You can build complex filters such as the following where we select all the groups either have the count of orders greater than 100 or the sum of the order values is between 100000 and 200000:
having : {
_or: [
{_count :{orderNo : {_gt : 100}}},
{
_and : [
{_sum : {orderSumNetDomestic : {_gt : 100000}}},
{_sum : {orderSumNetDomestic : {_lt : 200000}}},
]
}
]
}
Tip
The operators used in having
clauses are the same used for filter expressions (for the filter
argument).

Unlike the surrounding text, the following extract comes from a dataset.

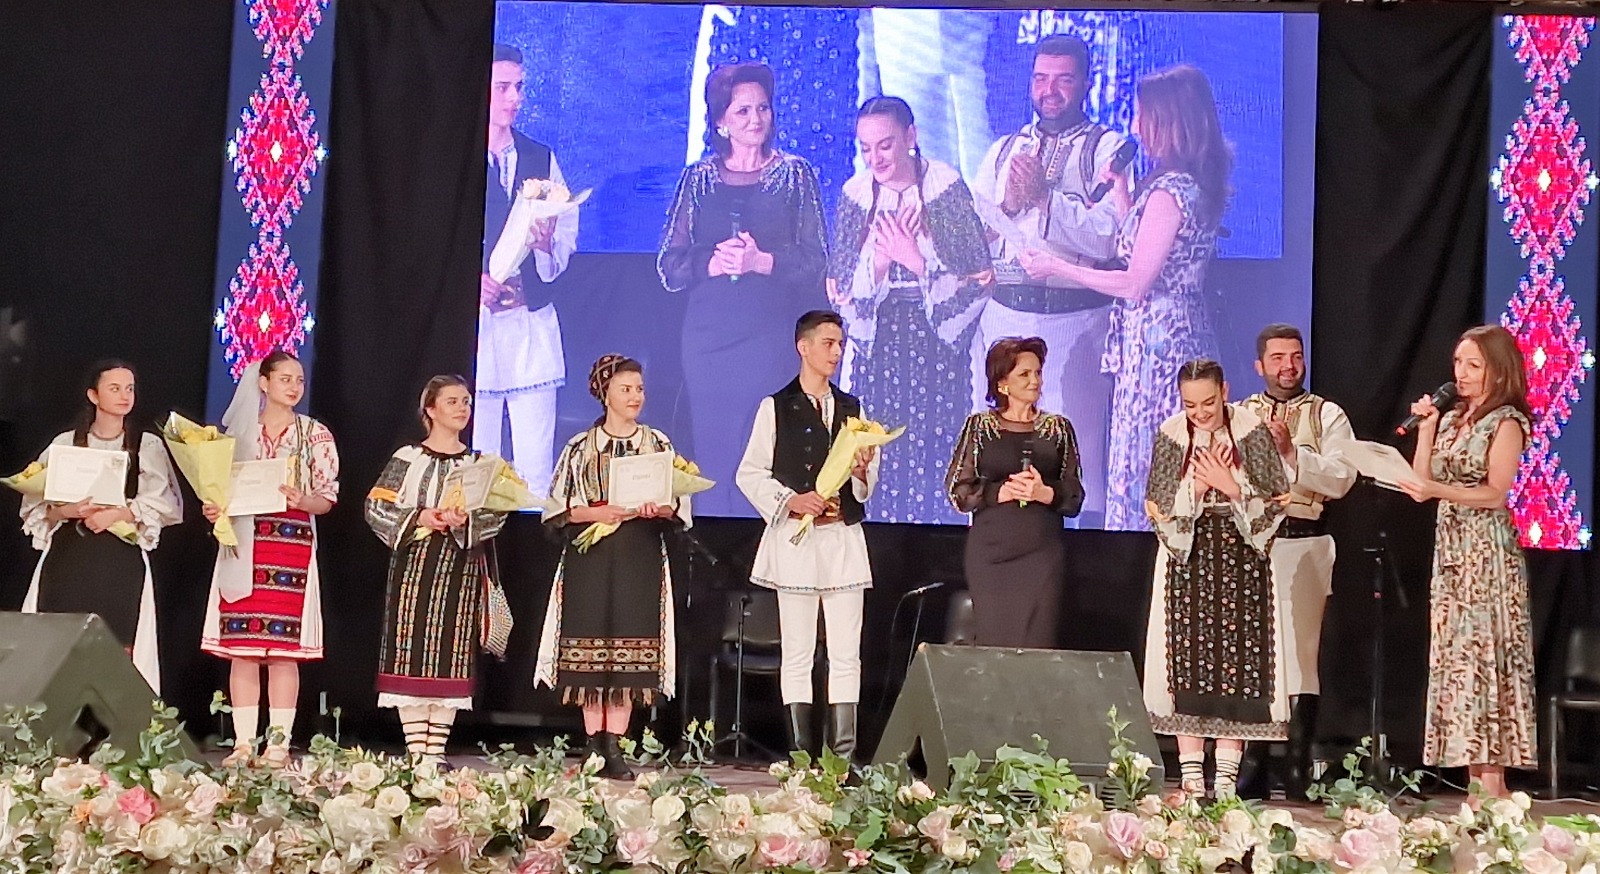 video bianca crețu, preferata publicului sibian la concursul național de interpretare vocală ”ilie micu”

To learn more about these, see Filtering.
Limitations
There are also some limitations when grouping data that you must be aware of:
- You cannot use pagination. The
first
/after
andbefore
/last
arguments do not work. - You cannot group by or filter data from a joined table.
- Sorting does not include the aggregated data.